Despite all of the issues, it still managed to create the code. These problems don’t happen most of the time, but there’s always a new problem that shows up and it compounds if not caught. The good news is that there’s a way to both prevent and inspect for these issues.

Preventing
- Having a richer grammar and more test cases that specify both what to have and what not to.
- Interfaces not written by Claude. I don’t see a tester or Claude having to make the decision of where a component boundary lies. I use interfaces as contracts it must fulfil.
- Boilerplate mocks and test automation code. A good example or set of examples goes a long way compared to specifying rules of what it can or can’t do or how to do something.
- Avoiding too many DI layers (Cucumber/Guice + jar dependencies)
- Separate examples for implementing the test-to-main interface classes — Claude conflated these with main code examples
Inspecting It’s basically examining what’s in git and then asking it to correct the problem. I’d keep an eye on the git commits, stop the process, and continue from the last session manually to see what corrective action would be needed. The correction was typically just pointing out that it touched a directory/file that it shouldn’t have, the minute you point it out and ask it to try again it recovers. I haven’t automated this yet but it’s the next thing I’ll work on.

From Infrastructure as a Service to Coding as a Service

This pattern has happened before — in the relationship between developers and operations.

Before IaaS, operations teams owned infrastructure. Developers raised tickets, waited for provisioning, and coordinated with ops for every environment change. Ops was the gatekeeper. Then came Infrastructure as Code. Developers began defining their own infrastructure requirements in configuration files — versioned, automated, repeatable. But this didn’t eliminate the ops team. It transformed them into platform engineers. Their job shifted from provisioning to building the templates: pre-approved patterns, paved roads, service catalogs that developers self-serve from. The templates are the guardrails. Developers can provision anything the templates allow.
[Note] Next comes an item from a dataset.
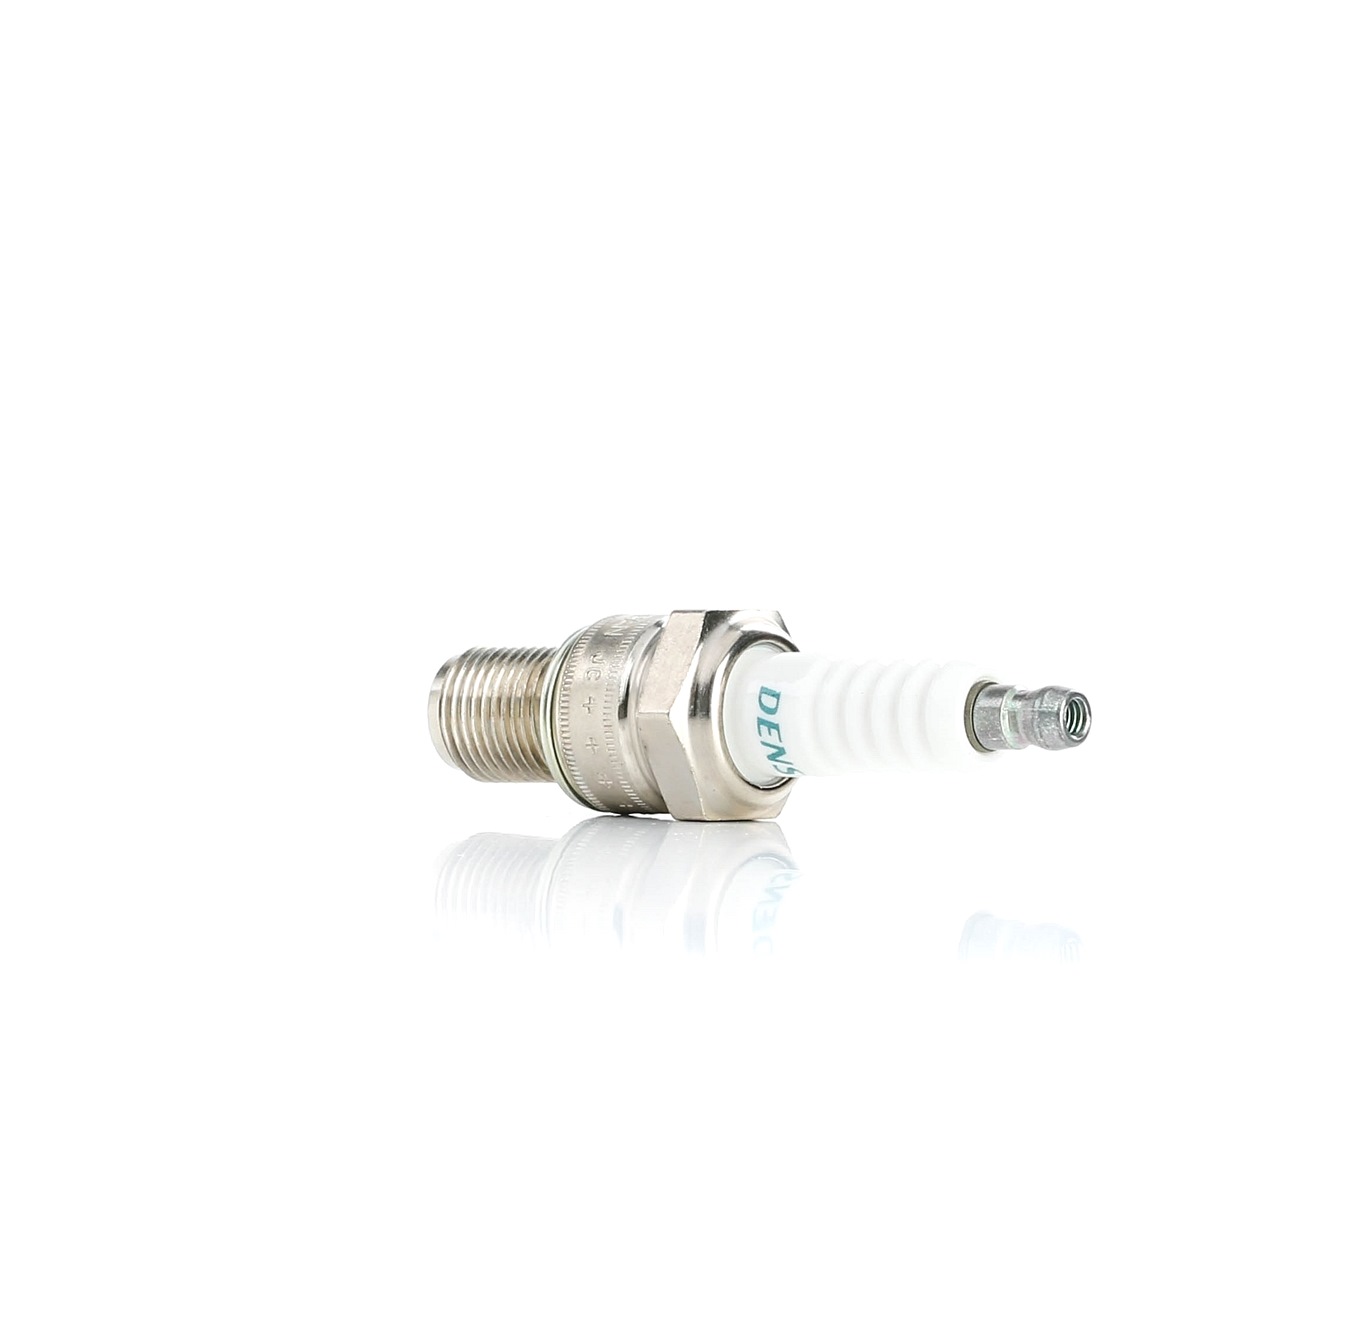 5317 DENSO Iridium Power Spanner size: 20.6 Spark Plug IW27 cheap

They can’t go outside the patterns without involving the platform team.

Just as ops engineers didn’t disappear — they became platform engineers — developers don’t disappear either. They become the engineers who build and maintain the scaffolding that makes tester contribution possible. The developer’s job doesn’t disappear. It shifts: from writing the code to defining the architecture, building the guardrails, and maintaining the templates that others self-serve from.

I’ve concluded that my old QA team, given how they write test cases with a DSL, could contribute to new features and bug fixes by pairing with Claude with support from the developers. I imagine platforms where testers use the ubiquitous language to describe behavior as testable hypotheses. Claude implements from that. The tester is in the loop. The developer has designed the process and stepped back, now free to work on more challenging problems.